Little Spain (Pequeña España) was a neighborhood in the New York City borough of Manhattan, during the 20th century where Spaniards originally settled in upon emigrating to the United States. It was situated between the neighborhoods of Chelsea and Greenwich Village.

==History==
"Little Spain" was situated on 14th Street, between Seventh and Eighth Avenues. A very different section of Chelsea existed on a stretch of 14th Street often referred to by residents as Calle Catorce ("Street Fourteen") or as "Little Spain". The Church of Our Lady of Guadalupe (No. 229) was founded in 1902, when Spaniards started to settle in the area.
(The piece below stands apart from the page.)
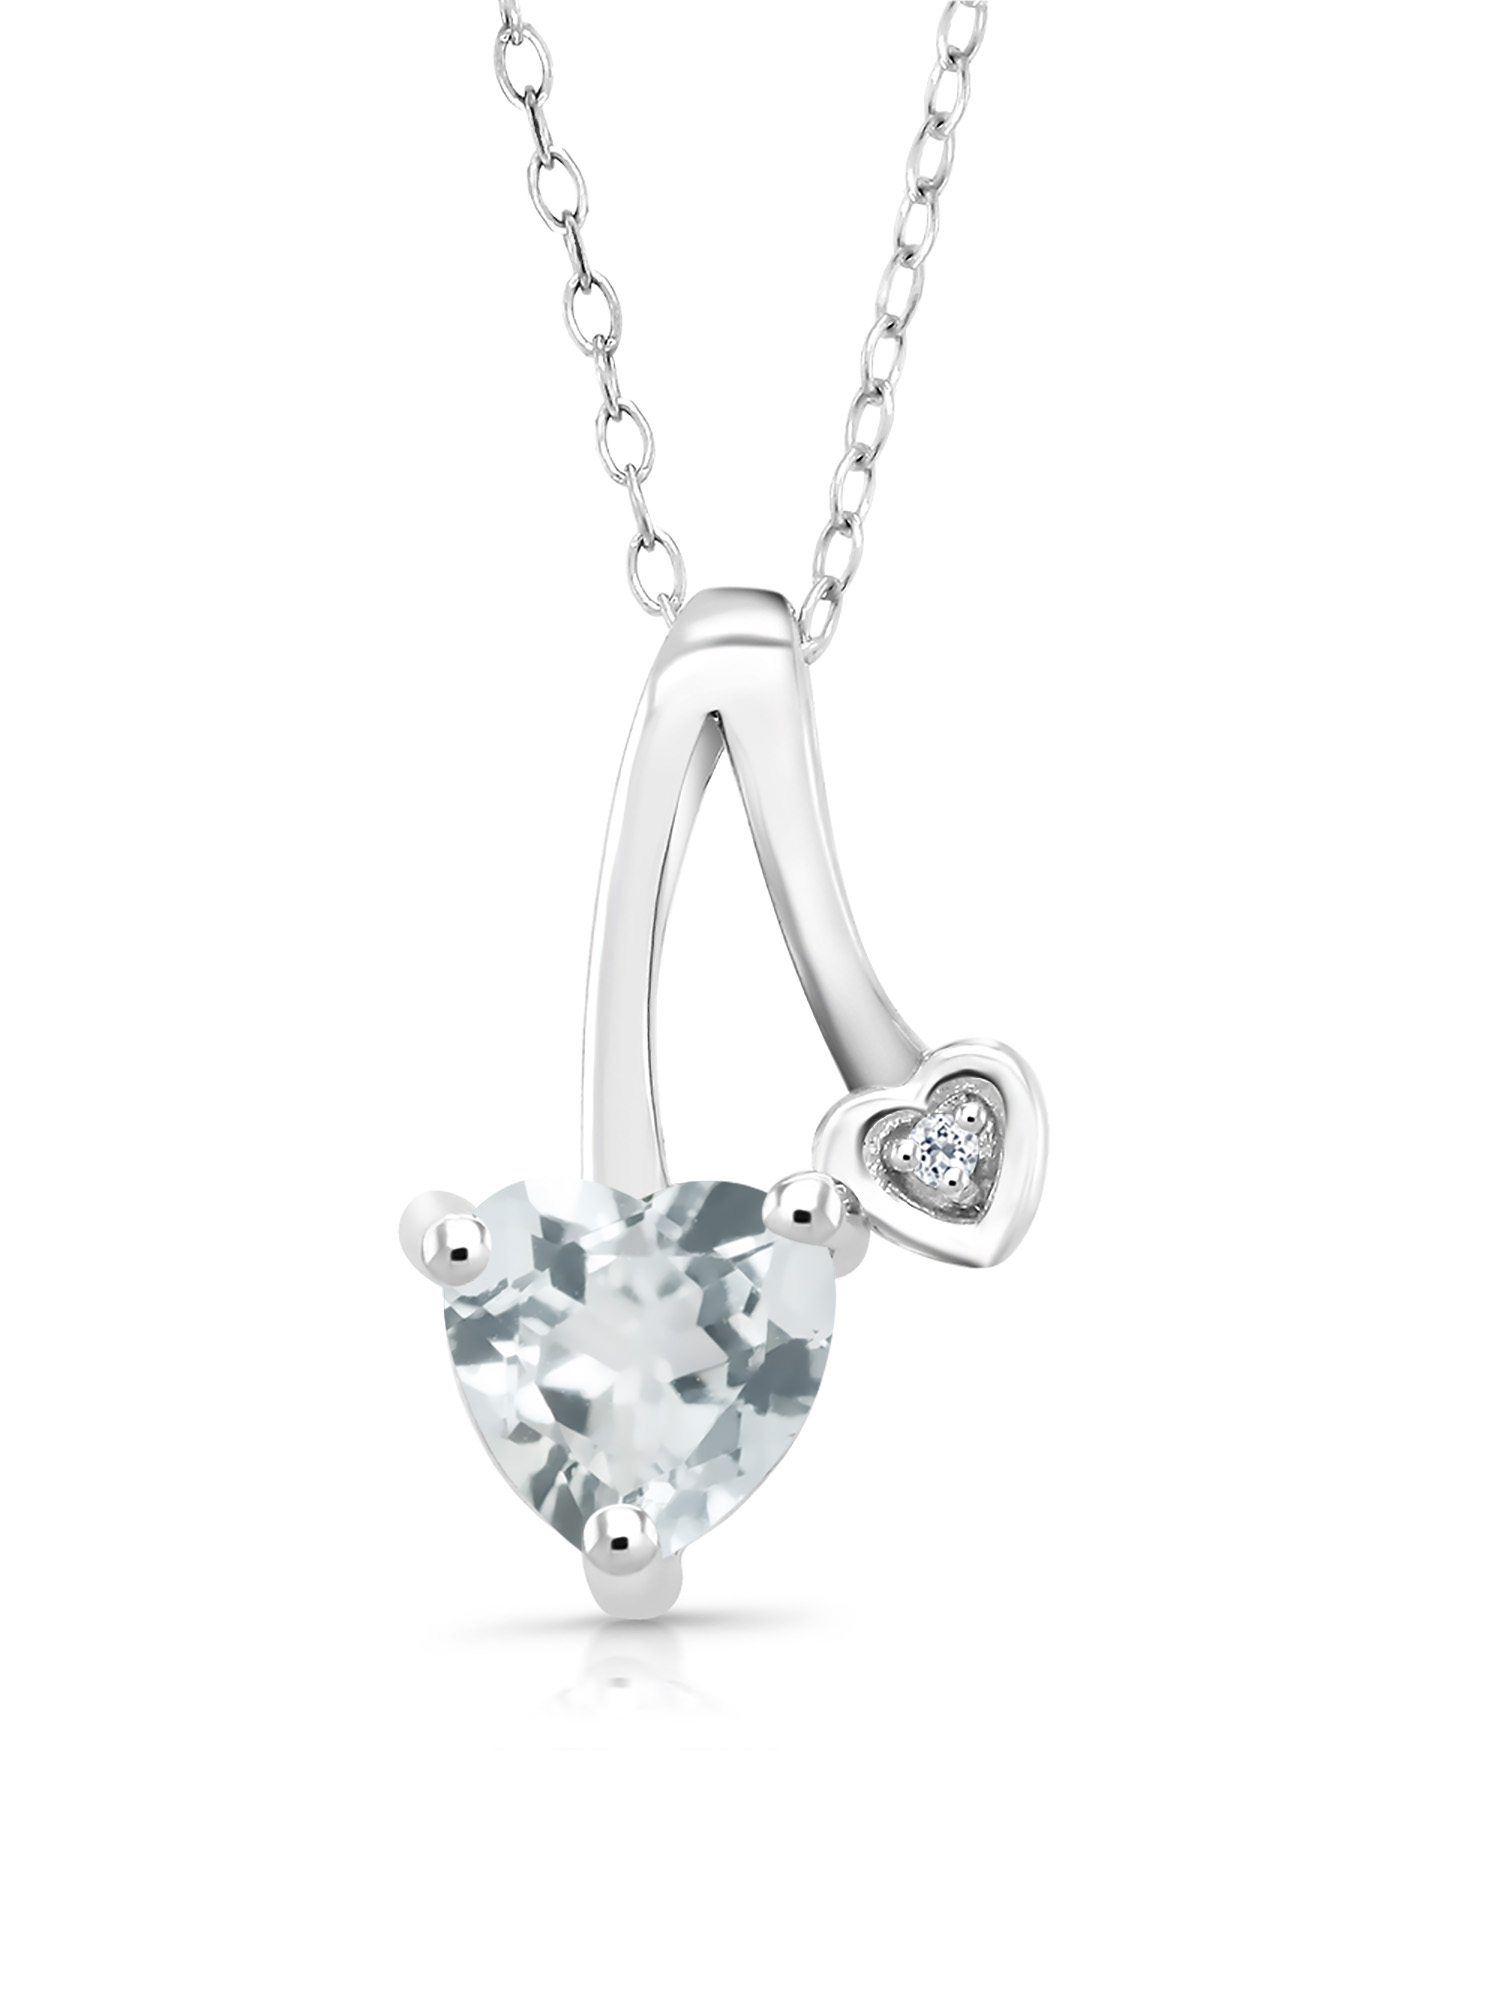 0.68 Ct Heart Shape Sky Blue Aquamarine White Topaz 925 Sterling Silver Pendant by

Although the Spanish business have given way to such nightclubs as Nell's and Oh Johnny on the block between Seventh and Eighth Avenues, the Spanish food and gift emporium known as Casa Moneo has been at 210 West 14th since 1929. In 2010 the documentary Little Spain, directed and written by Artur Balder, was filmed in New York City. The documentary pulled together for first time an archive that reveals the untold history of the Spanish-American presence in Manhattan. They present the history of the streets of Little Spain in New York City throughout the 20th Century. The archive contains more than 450 photographs and 150 documents that have never been publicly displayed.

Other important commerces and Spanish business of Little Spain were restaurants like La Bilbaína, Trocadero Valencia, Bar Coruña, Little Spain Bar, Café Madrid, Mesón Flamenco, or El Faro Restaurant. The Iberia was a famous Spanish dress shop.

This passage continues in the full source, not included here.